Dirichlet Spaces and Metropolis Traces 

 A problem I've had come up again and again is the ability to explore a space bound by a Dirichlet prior with a Metropolis-type algorithm. I've yet to find a satisfactory answer and I'm hoping someone else will have some insight. 

 The research question I have deals with allocating patients to hospitals, considering the effect of the number of beds - one example of the "supply-induced demand" question. (The analysis is being done under  Prof. Erol Pekoz , who's visiting Harvard Stats this year.) Conjugate priors for this problem have eluded me, and so the quantity of interest, the probability that a patient will be sent to a particular hospital for inpatient care, is being inferred through a Metropolis algorithm. 

 Here's the thing: there are at most 64 different hospitals to which a patient can be assigned. Even after assuming that if a hospital has not yet received a patient from a particular area  they won't ever, the number of hospitals is extreme. 


 One suggested proposal has been a Dirichlet distribution with parameters equal to the current values, times a constant. That way the expected value of the proposal will be the same as the last draw.
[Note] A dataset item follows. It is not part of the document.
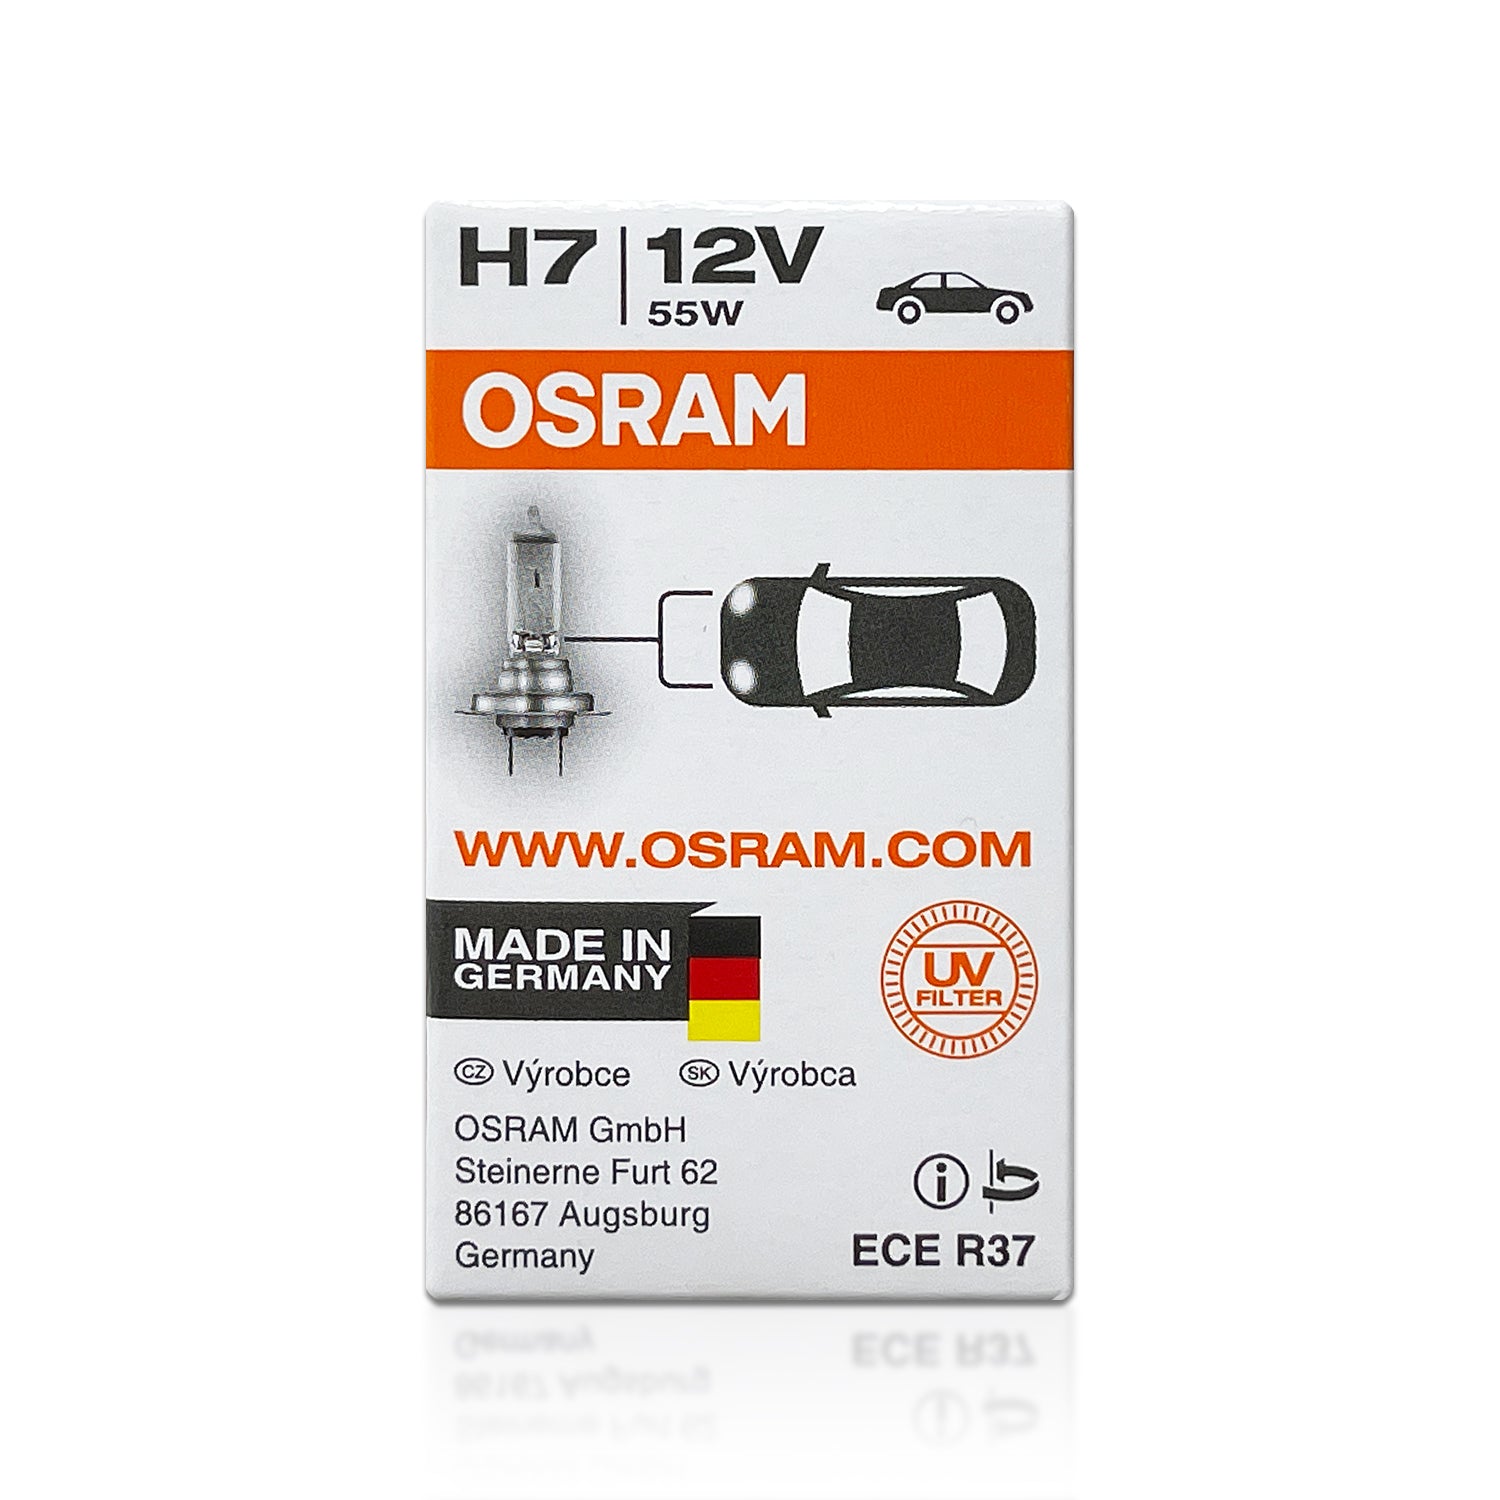 OSRAM 64210 H7 499 12V Original Line Halogen Bulbs Car Bulb Headlamp light  Bulbs Bulb Car lamp Headlight Headlamp Duo
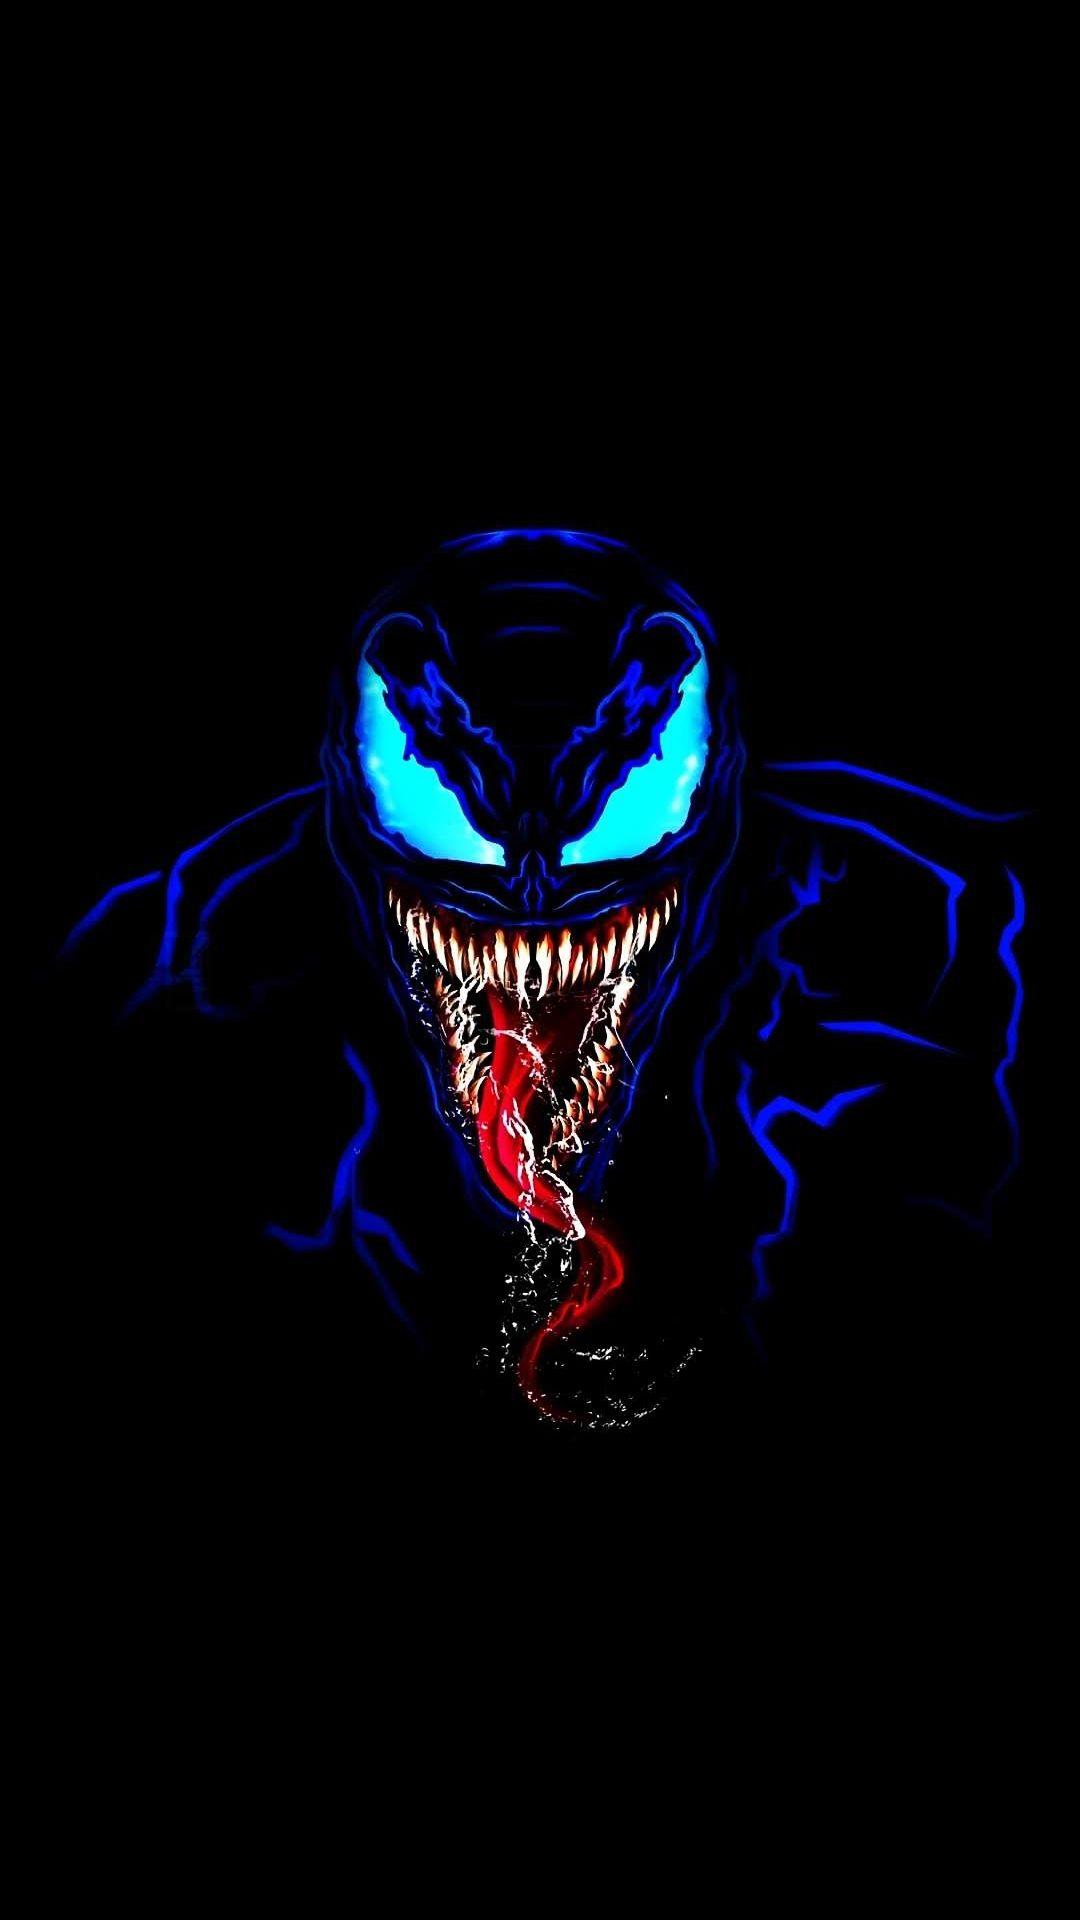 Venom in Dark iPhone Wallpaper. Marvel artwork

However, when the number is too low, the smallest dimensions will have parameter value less than 1, which leads to trouble, as the value will tend to zero; when it's too high, the biggest parameters don't move at all, and the effect of moving some of its mass is lost. 

 I've considered implementing a parallel-tempering method but I'd like to keep it cleaner. Does anyone have a better method that's reasonably quick to run, rather than monkeying with each parameter individually?